Kabar Bima

PKL Harap Lapak Tidak Dibongkar

239
×

PKL Harap Lapak Tidak Dibongkar

Sebarkan artikel ini

Kota Bima, Kahaba.- Jika banyak kalangan nyata-nyata menolak keras pembangunan lapak-lapak PKL di lapangan Pahlawan (Raba), bagaimana pendapat para pedagang yang kini menempati beberapa lapak tersebut?. Berikut hasil wawancara Kahaba bersama beberapa pedagang pada hari Kamis (30/8) di lokasi yang menjadi sorotan publik itu.

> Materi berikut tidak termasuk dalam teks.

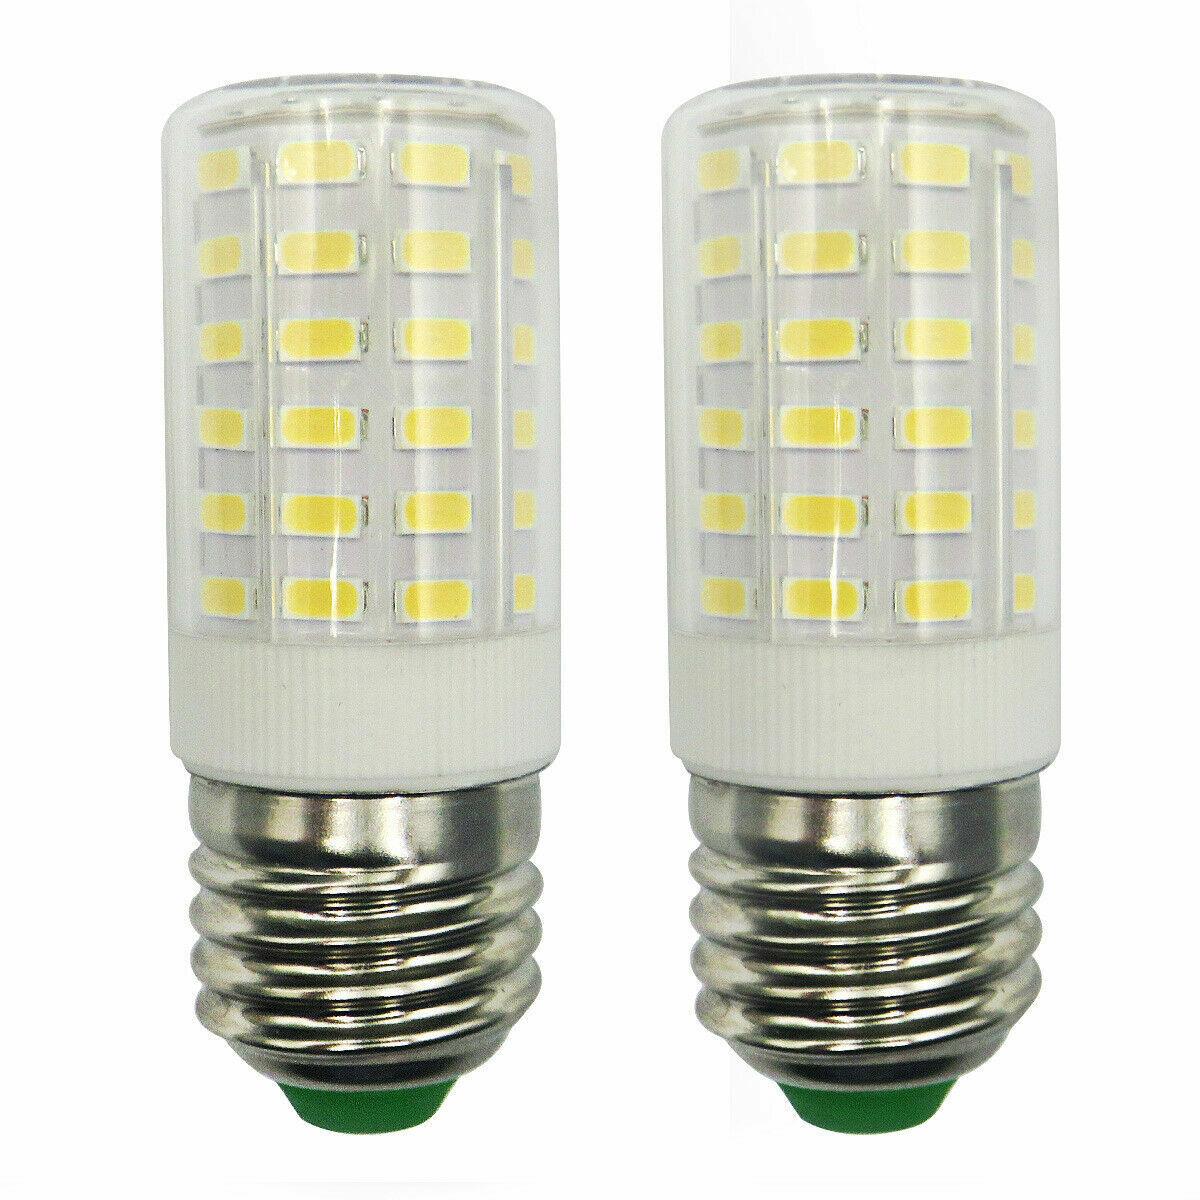 2pcs E27/E26 LED Light Bulb 66-5730 Ceramics Corn Lights 120

PKL Harap Lapak Tidak Dibongkar - Kabar Harian Bima
Lapak Pedagang Kaki Lima di Lapangan Pahlawan

Pada kesempatan pertama, kahaba.net mewawancarai Sundari, penjaja barang campuran ini merasakan adanya keuntungan dari dibangunnya tempat baru untuk mereka. Tempatnya berjualan yang dulunya sembrawut dan kotor kini telah tertata rapi, dan bersih. “Dulu, kalau hujan, kami tak bisa berjualan dengan tenang, sekarang setelah tempat baru dibangun kami berjualan dengan nyaman, pembeli pun betah”, ujarnya.

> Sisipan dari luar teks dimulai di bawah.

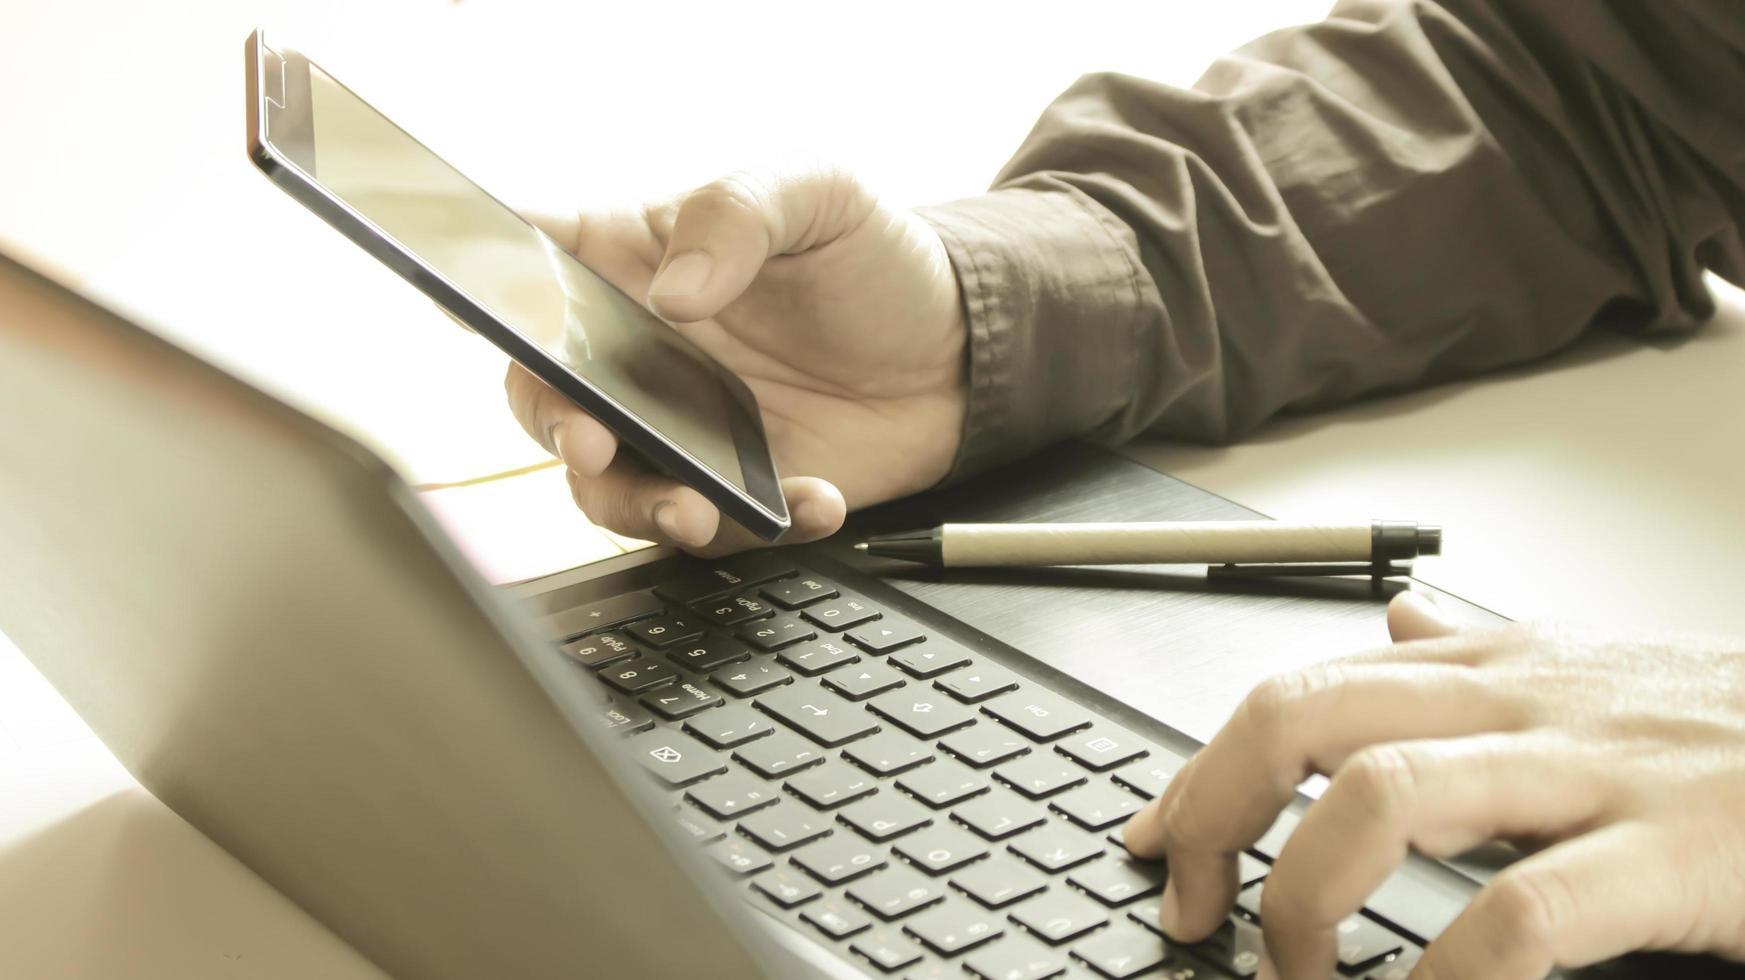 profesional sosteniendo el teléfono y escribiendo en la computadora foto

PKL Harap Lapak Tidak Dibongkar - Kabar Harian Bima

Terkait penolakan bayak kalangan terhadap keberadaan mereka, Sundari mengaku pernah dipanggil untuk menghadiri pertemuan dengan Pemerintah Kota Bima di Kantor Lurah Rabadompu Barat. Walaupun banyak pro-kontra terhadap masalah ini, kedepannya perempuan asal Rabadompu Barat ini mengharapkan lapak-lapak permanen agar dirinya tetap bisa mencari nafkah untuk keluarganya.

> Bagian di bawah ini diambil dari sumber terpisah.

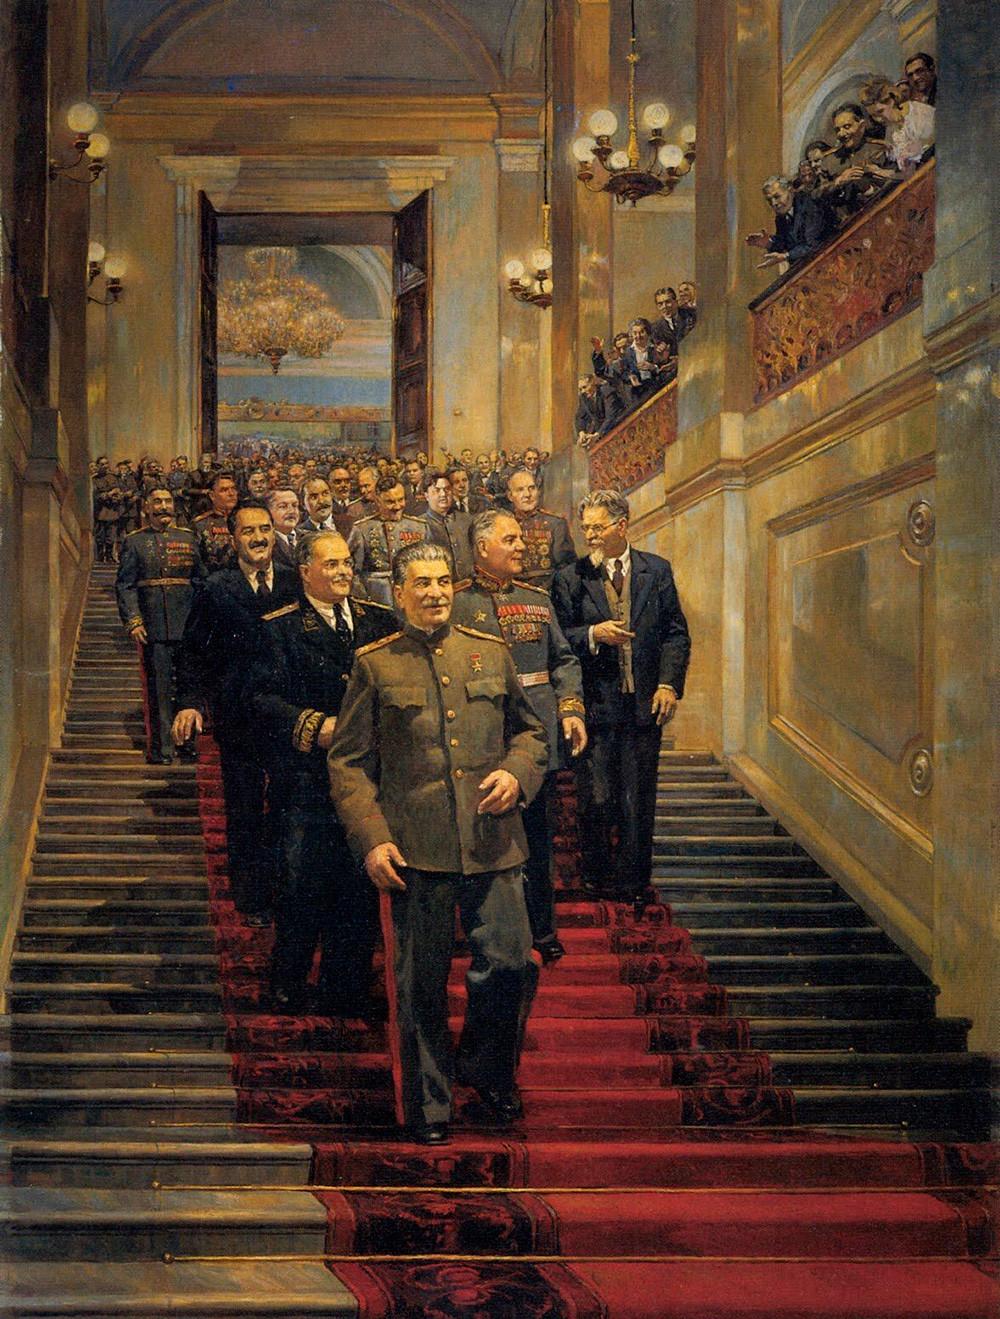 「クレムリン大宮殿にて、1945年5月24日」
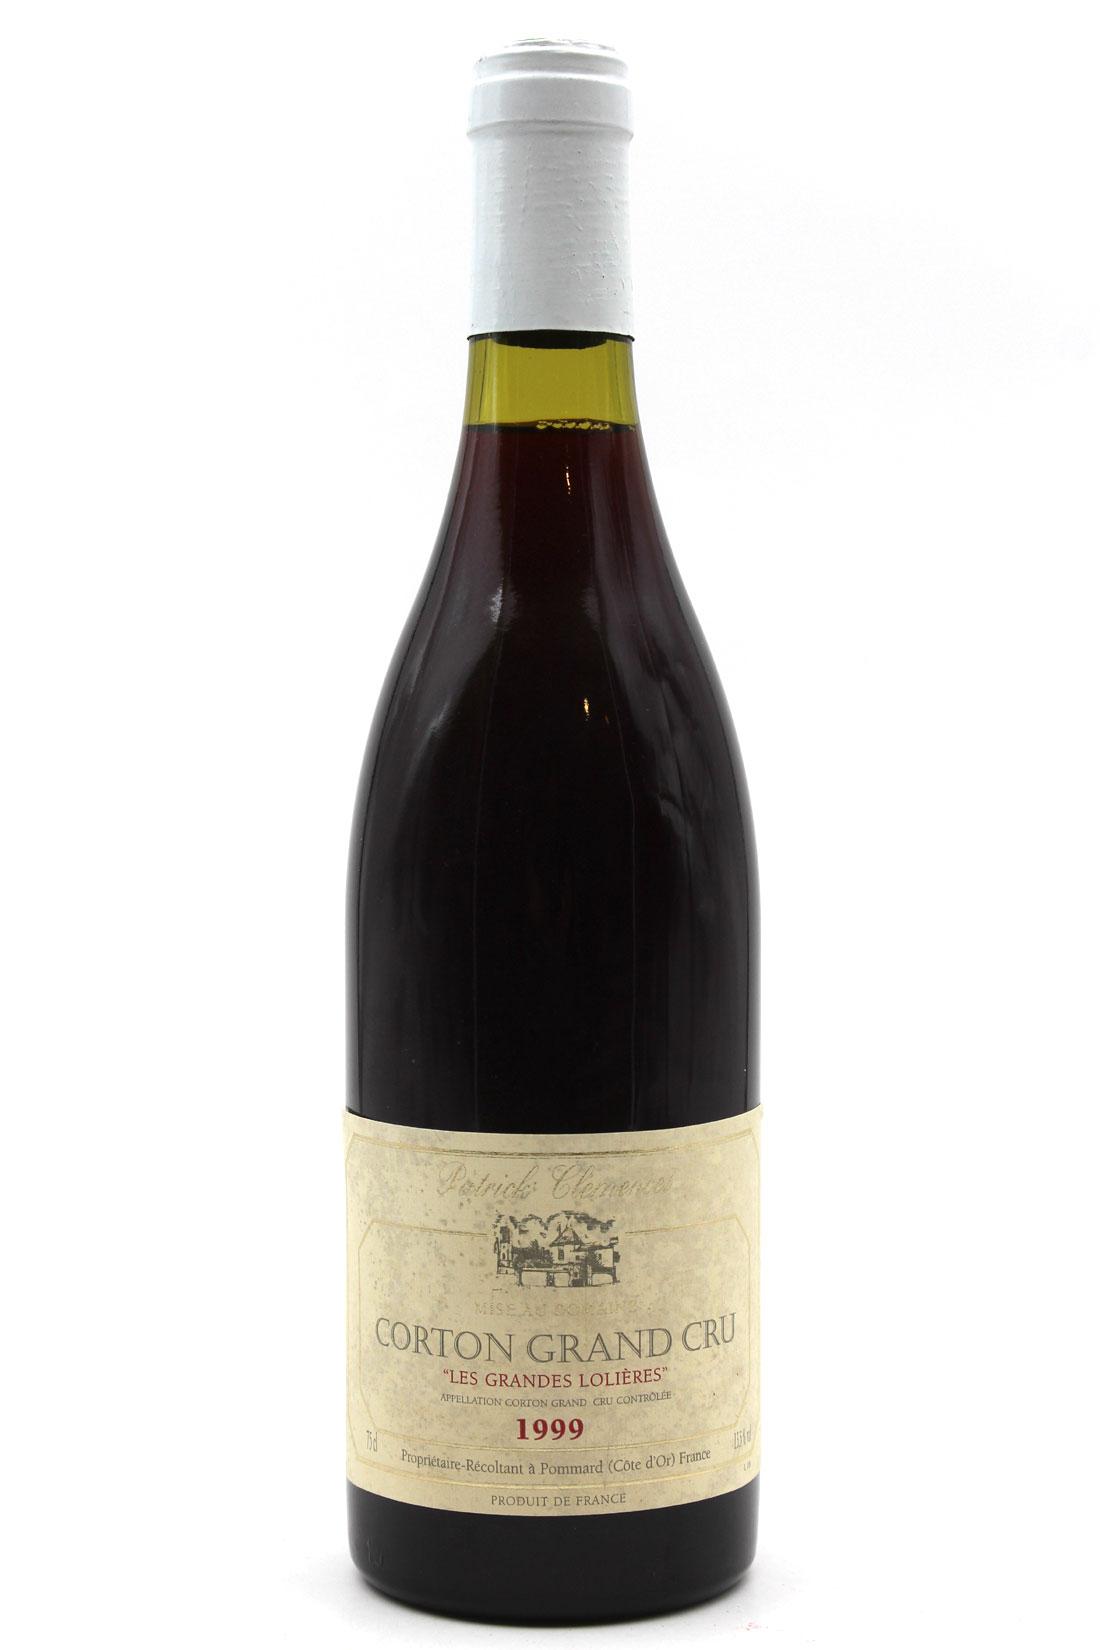 Corton Grand Cru 1999 Les Grandes Lolières - 75cl - Bourgogne

Senada yang disampaikan Sundari, Nasir warga Kelurahan Rabangodu Selatan yang kesehariannya menjual es itu juga berharap bangunan yang beberapa minggu terakhir dia tempati tidak dibongkar.

Menurut Nasir, aktifitas berjualan di lapangan Pahlawan menurutnya sama sekali tidak mengganggu aktifitas masyarakat yang biasa menggunakan lapangan ini. Apalagi puluhan los pedagang di sisi lapangan yang dibangun pemerintah bisa menampung banyak tenaga kerja. “Masyarakat yang ingin main bola, saya kira masih bisa bermain seperti biasanya. Pokoknya jangan dibongkarlah, kasian nanti banyak yang menganggur,” ujarnya kepada  kahaba.net.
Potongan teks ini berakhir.